加えてもうひとつ理由があります。それは、オリンピックでも仕事でもそうですが、最後の最後で結果が出るかどうかは、「努力をしてきたか」とか「成長する思考態度」以外の要素も大いにあるからです。
ものすごく頑張ったオリンピック選手でも、思いがけないアクシデントによって、求める結果を得ることができないことなど数限りなくあります。どれだけ努力をしても、運悪く想定外の障害が発生したり、自分を引き上げてくれる人や機会に恵まれなかったりで、努力が報われないことなどいくらでもあるのです。
「努力しなければ、成果は出ない」は真かもしれませんが、「努力しても、成果が出るとは限らない」も真なのです。

努力している個人に成果を出させてあげるのが上司

そして、その最後の「努力以外の要素」の大きな部分を担うのが仕事においては上司なのです。
若いメンバーが懸命に努力をして、あと一歩のギリギリのところで止まっているとしたら、そこをあと押ししてあげたり、引き上げてあげたりするのが上司の役割ではないでしょうか。
それを高みの見物でもするかのように「努力は裏切らないぞ」とか言っているのだとしたら、「いや、僕らはもう結構限界まで頑張っているので、なんとか助けてもらえませんか」という心の声が聞こえてきそうです。

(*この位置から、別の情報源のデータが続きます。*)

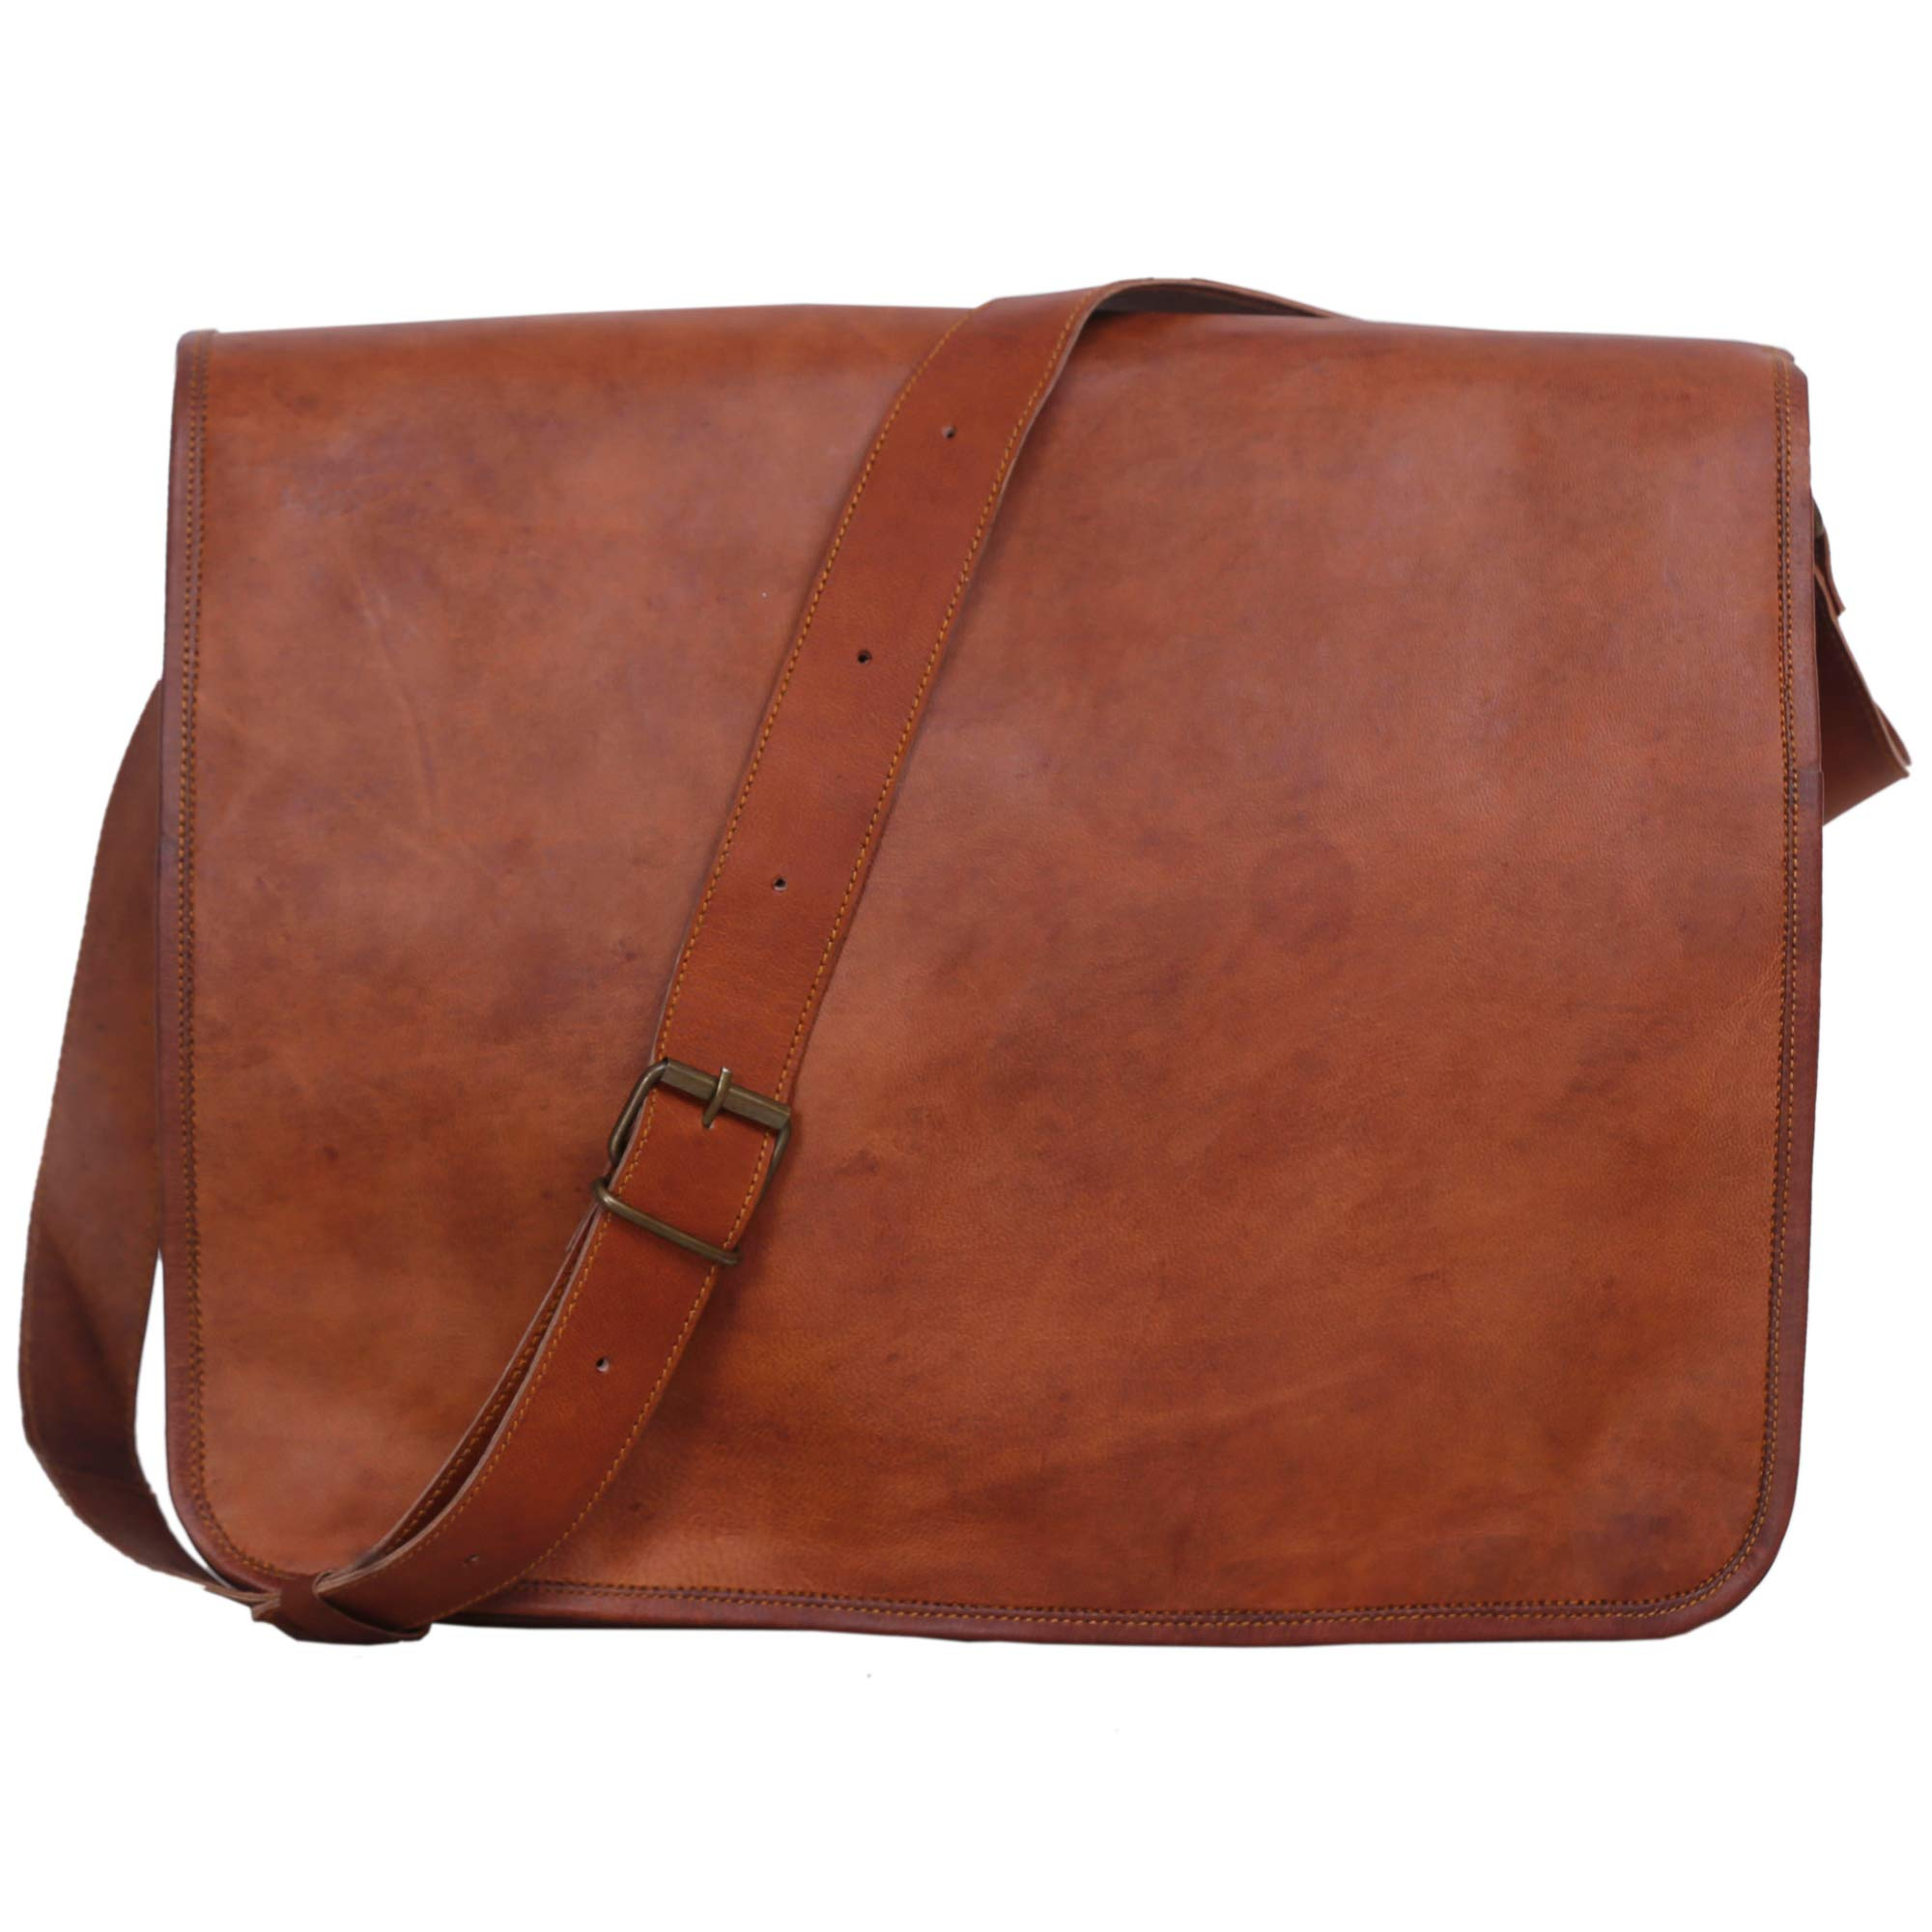 Komal's Passion Leather Vintage Mens 16 Inch Leather Laptop Messenger Pro Satchel Men's Bag by Komal's Passion Leather

努力を成果につなげる最後のドアの鍵を持っているのは上司の皆さんたちなのです。
連載「20代から好かれる上司・嫌われる上司」一覧へ
「20代から好かれる上司・嫌われる上司」とは……
組織と人事の専門家である曽和利光さんが、アラフォー世代の仕事の悩みについて、同世代だからこその“寄り添った指南”をしていく連載シリーズ。好評だった「職場の20代がわからない」の続編となる今回は、20代の等身大の意識を重視しつつ、職場で求められる成果を出させるために何が大切か、「好かれる上司=成果がでる上司」のマネジメントの極意をお伝えいたします。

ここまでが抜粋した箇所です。